Следующие два часа они просидели в кафе, где пили чай и целовались на радость двум девчонкам, прятавшимся за барной стойкой и украдкой подсматривающим за ними. Катерина вспомнила, как сама сегодня утром в автобусе была в роли наблюдателя за влюбленной парой и рассмеялась.
— Ты что? — удивленно спросил Васильев.
Катерина рассказала ему про водителя и кондукторшу.
А потом про Кешку и Наполеона, про то, как они подружились за неделю. Про елку, которую Катерина уже купила для Нового года. Про то, что теперь она совсем не знает, где и с кем ей отмечать праздник.
… Если шестое чувство есть, то именно оно включилось у Катерины в тот момент, когда Васильев последний раз обернулся, уходя на посадку. Он улыбался ей издалека, но она видела, что улыбка у него вымученная, и понимала, что это оттого, что она сама не могла скрыть от него своего настроения. Но где-то внутри у нее билась мысль — все это неспроста. И какая-то дурацкая фраза, то ли из кино, то ли из песни какой — «Любовь — предчувствие печали»…
Они до последнего тянули этот момент расставания.

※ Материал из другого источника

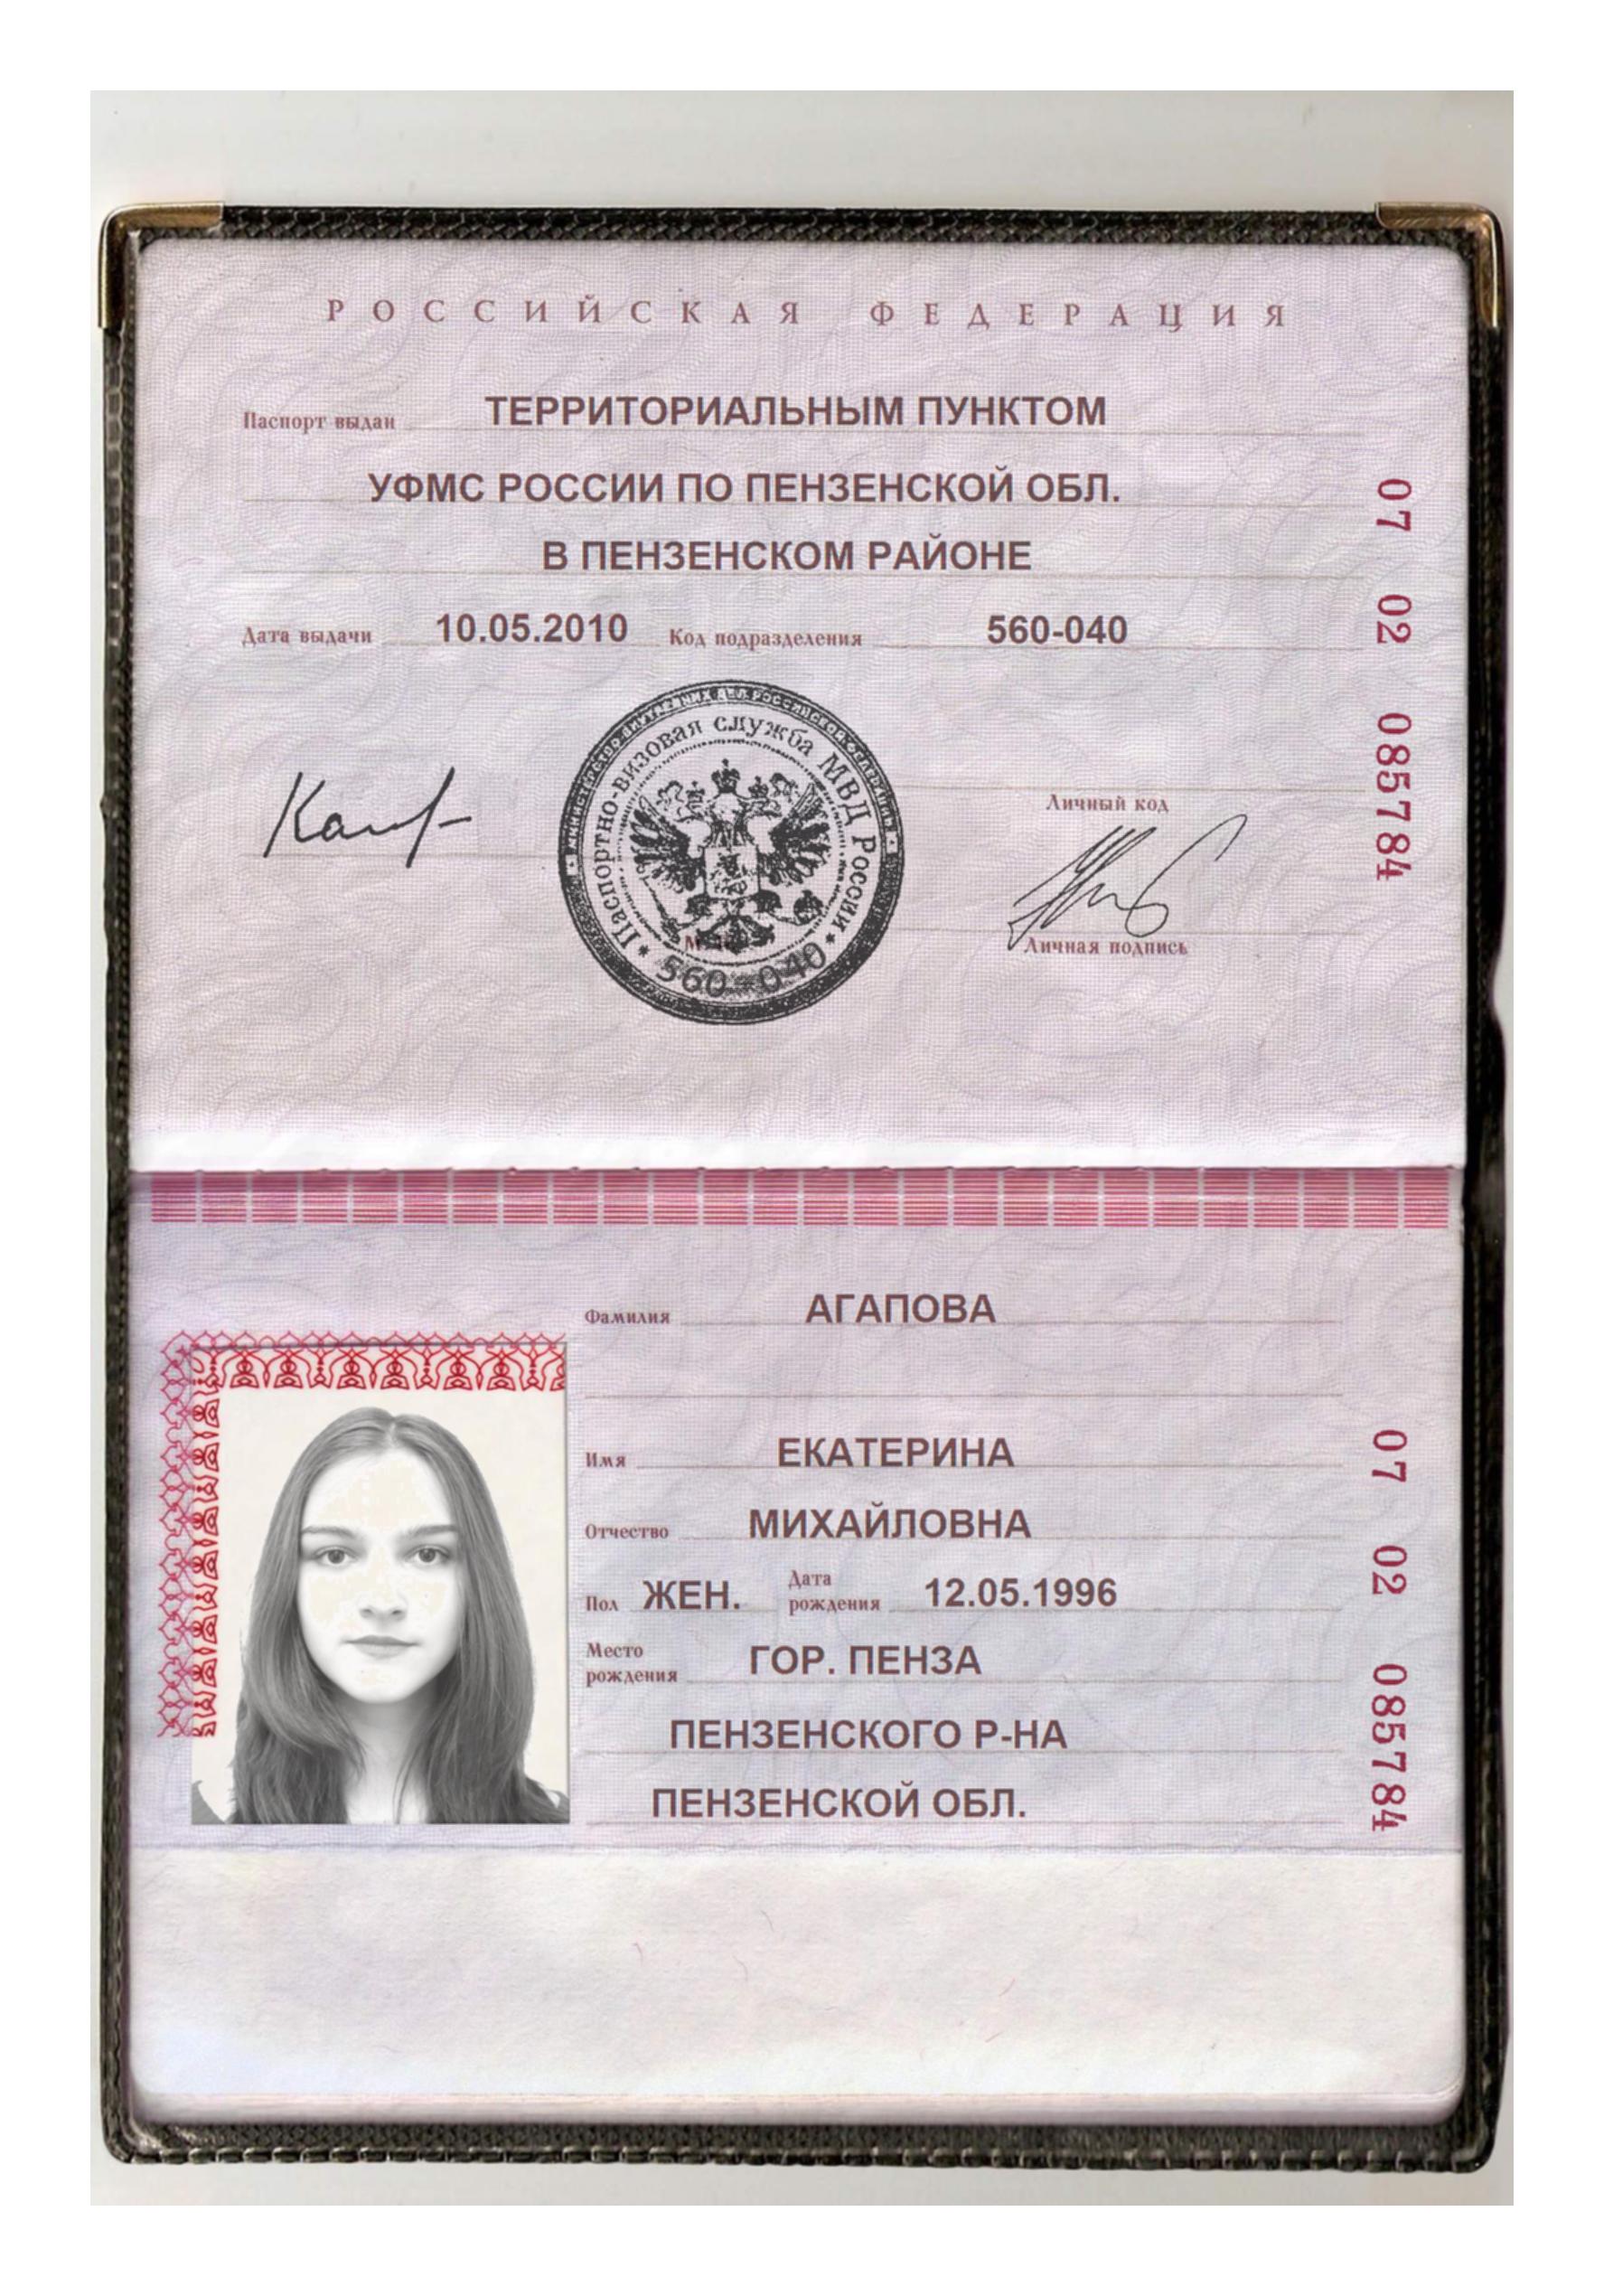 фотошоп паспорта

— Вот теперь ты понимаешь, почему я не хочу, чтобы ты меня провожала? — Васильев сильно прижимал к себе Катерину, у которой глаза были опять на мокром месте. — Я даже на расстоянии ощущаю, когда ты плачешь. Поэтому у тебя всегда должно быть хорошее настроение. Обещаешь?
— Обещаю, — всхлипнула Катя. — Ты только приезжай скорее, ладно?
— 6 января, и билет уже есть. А до этого буду звонить.
Васильев разгрузил наполовину свою сумку, в которой был пакет с сибирскими подарками для Катерины. Какие-то увесистые баночки, мешочки.
— Это тебе гостинцы от лисички, — сказал Васильев. — Дома сама разберешься. Вкусности необыкновенные — орешки, варенье, мед. У нас там, в Первомайском, дед Вася есть, он нас снабжает всем этим. Пчелки у него свои, ягоды-грибы сам собирает, а еще консервирует оленину и медвежатину. В общем, сама все попробуешь, тебе понравится. И еще. Там есть пакет, папка такая синяя. В ней кое-какие документы. Они мне сейчас не нужны. Ты убери их дома подальше, а я потом заберу, хорошо?
Она молча кивнула.
Он помолчал, качая ее руку в своей, а потом сказал:
— Катька, я никому и никогда такого не говорил, и сейчас говорить ничего подобного не имею права, — Леха Васильев гладил Катерину по голове, как маленькую девочку. — У меня такая жизнь суматошная, что сказать тебе «жди меня»… это не правильно, нельзя этого делать. И все же я тебе это говорю — жди меня, ладно? Просто, когда ждут, проще возвращаться. Есть куда возвращаться. Я сейчас поцелую тебя и пойду, и не будет никаких слез, потому что мне от них очень плохо. Не плачь, пожалуйста.